Abd al-Kareem al-Mahamedawy, a tribal sheik from Amara in southern Iraq who fought for years against Saddam Hussein, compared the process to "giving birth to a deformed child."

As if to underscore the point, a scene of sorrow unfolded just outside Mr. Mahamedawy's gate, where an extended family gathered, full of nervous movement, and absorbed the news of the strangling death of their 13-year-old boy by kidnappers. A woman brought her hands to her head in the timeworn motion of mourning.

Even with the resolve to leave, many departing Iraqis said they consider the move only temporary and hope to return if Iraq's fractious groups are united and stem the tide of the killings.

Cars and furniture are sold, but those who can afford it, like the Abdul Razzaq family, hang on to their properties. In Khadra in western Baghdad, Nesma Abdul Razzaq, Mr.
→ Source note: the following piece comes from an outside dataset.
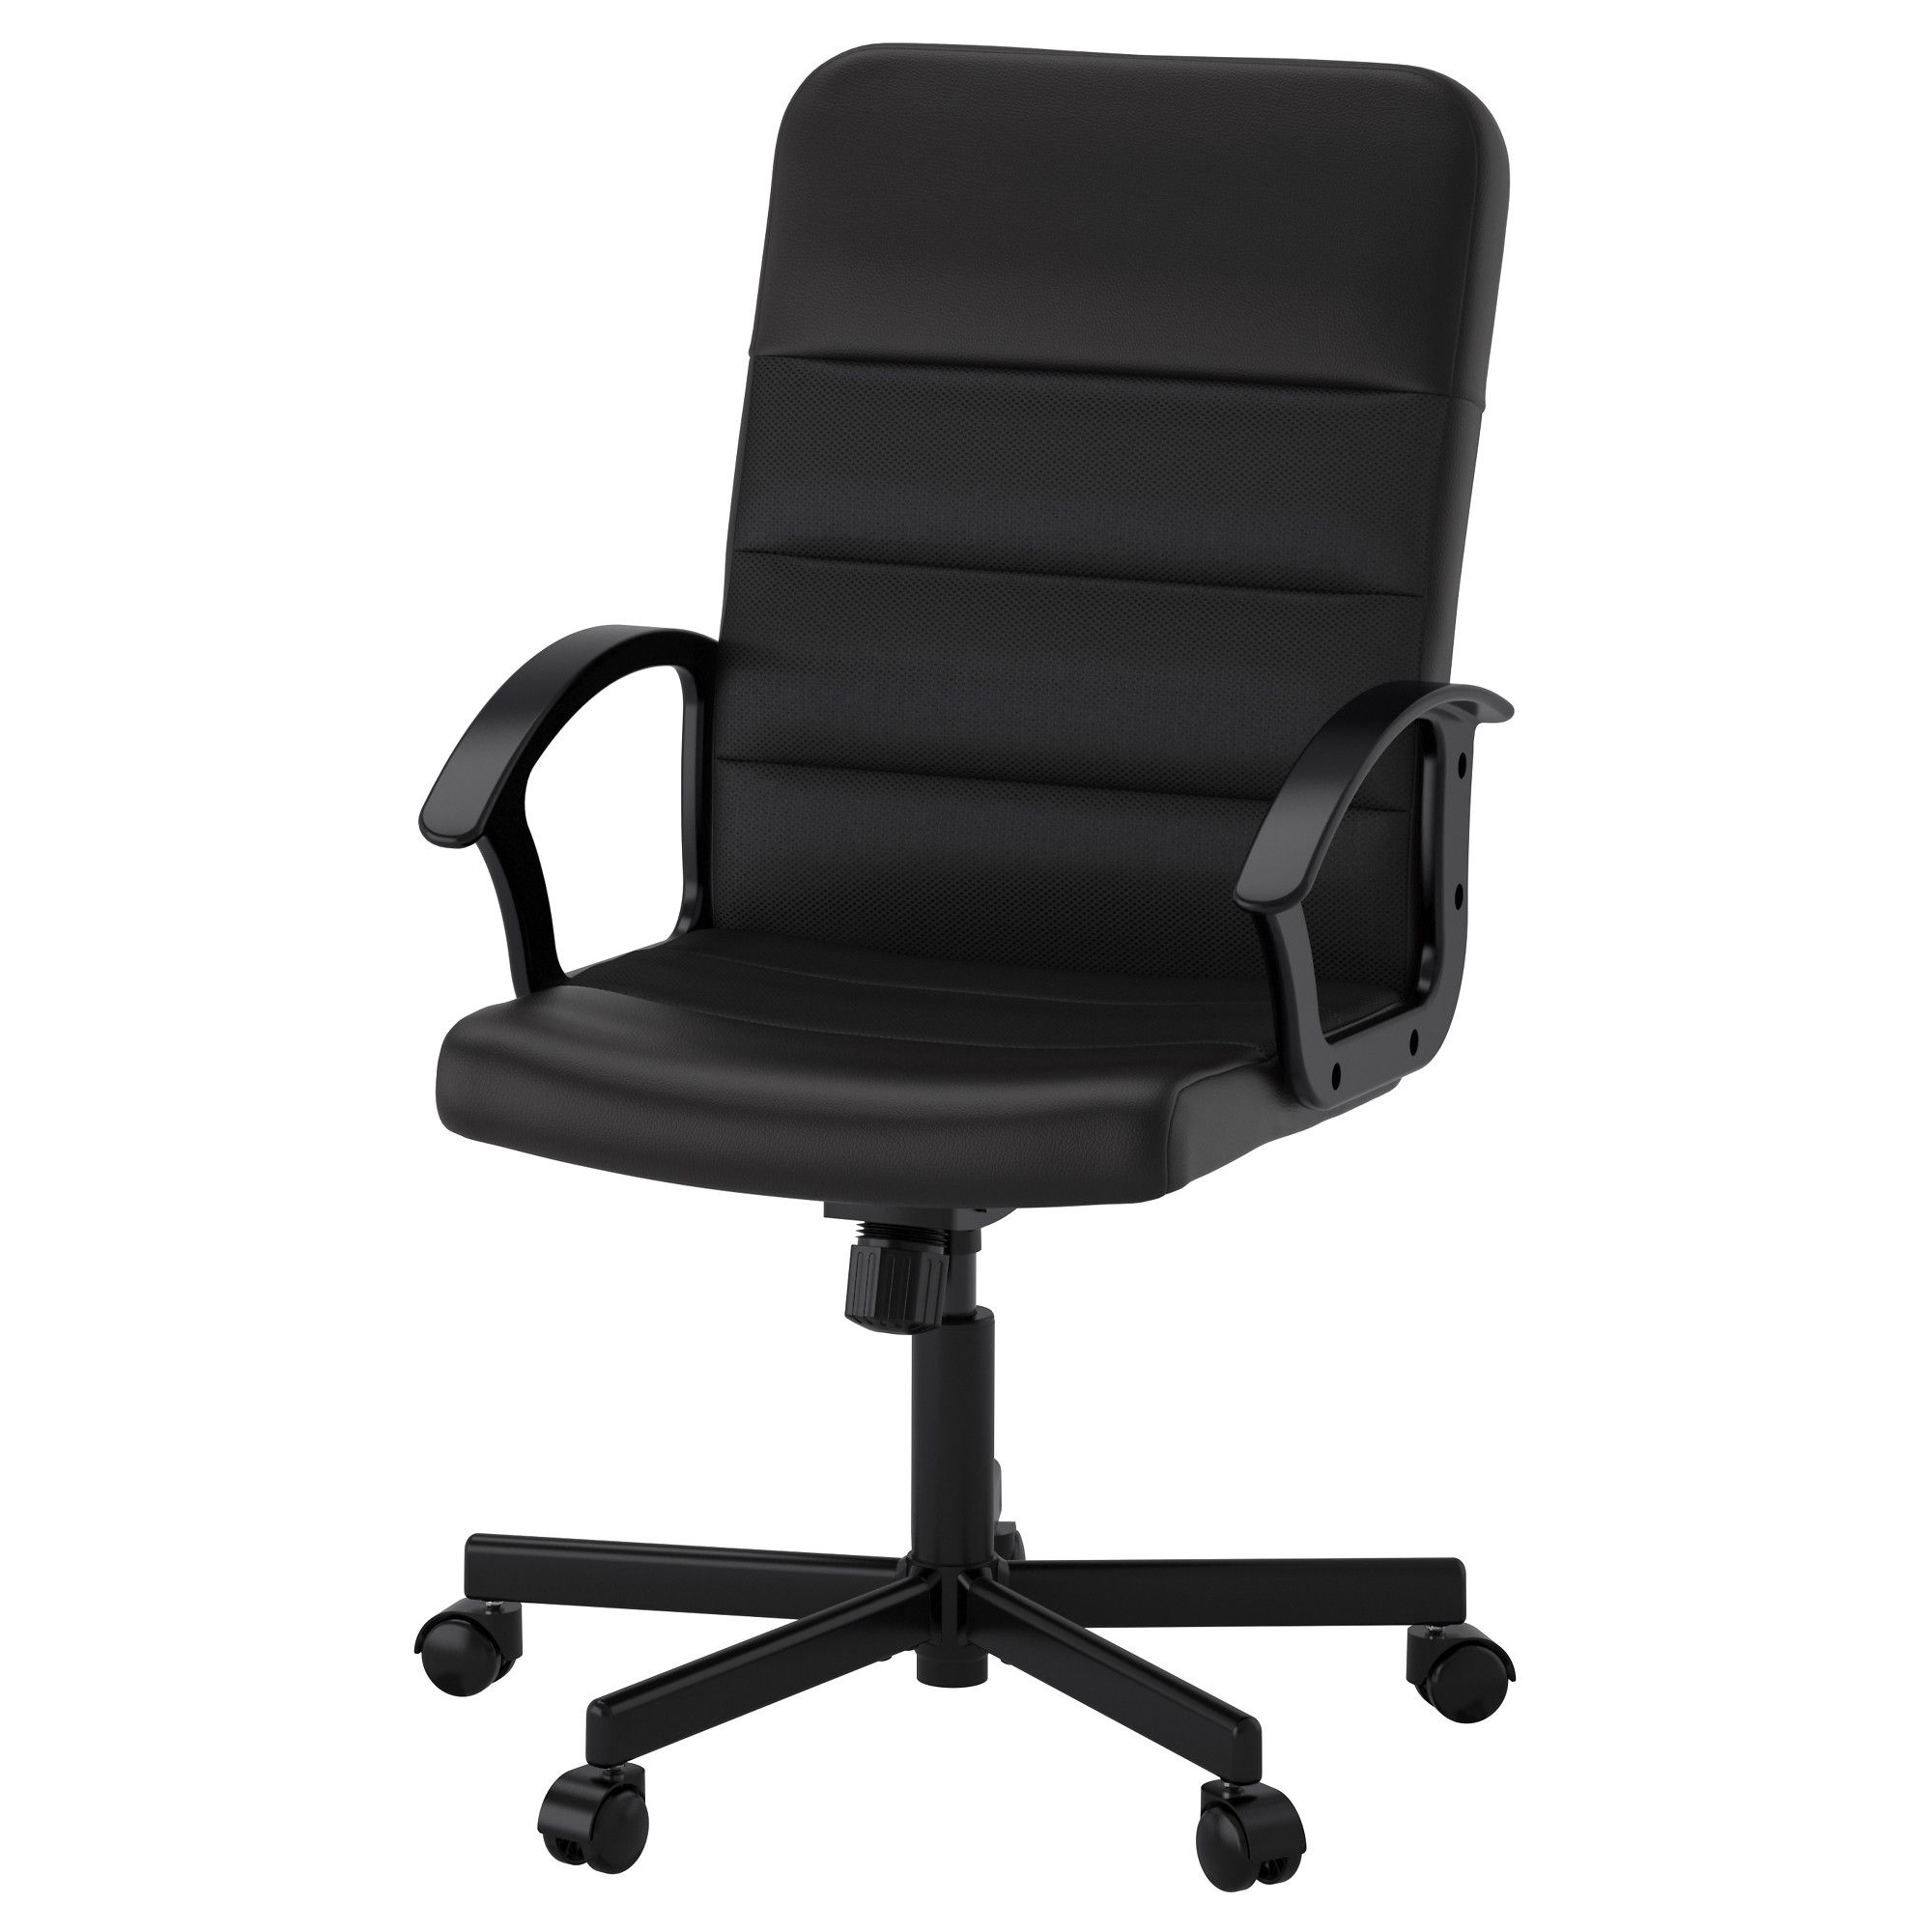 Renberget Swivel Chair Bomstad Black Let S Hear It For

Abdul Razzaq's wife, has spent the past months carefully wrapping their photographs, vases and furniture in cloth and packing them in boxes. She spoke of the sadness of the empty rooms and the pain of having to build a new life in a strange place.

"I have a rage inside myself," Mrs. Abdul Razzaq said by telephone, as her area, since last autumn, has become unsafe for a Western reporter to visit. "I feel desperate."

"I don't want to leave Iraq. But I have to for the kids. They have seen enough."

In a quiet block in Mansour, a wealthy neighborhood in central Baghdad, where stately, gated homes are lined with pruned hedges, the Kubba family spends most of its time indoors. They have hung onto their lifestyle: three of their children study violin, flute, and ballet in an arts school outside the neighborhood despite encroaching violence.

Last fall, a foul smell led neighbors to the bodies of seven family members in a house several doors down from the Kubbas. They had been robbed. Fehed Kubba, 15, went to buy bread last year and saw a crowd near the bakery that he assumed was watching a backgammon game. When he pushed in to look, he saw a man who had just been shot to death.

But it was the increasingly sectarian nature of the violence, deeply painful to Iraqis who are proud of their intermarried heritage, that tipped the scales as Falah Kubba and his wife, Samira, considered leaving with Fehed, Roula, 13, and Heya, 12.

"The past few months convinced us," said Mr. Kubba, a businessman whose wife is Sunni. "Now they are killing by ID's. The killing around Americans was something different, but the ID's, you can't move around on the streets."

"At the beginning we said, 'Let's wait, maybe it will be better tomorrow,' " Mr. Kubba said.

"Now I know it is time to go."


NYT

I wonder what happens to people that can't afford to move to Jordan.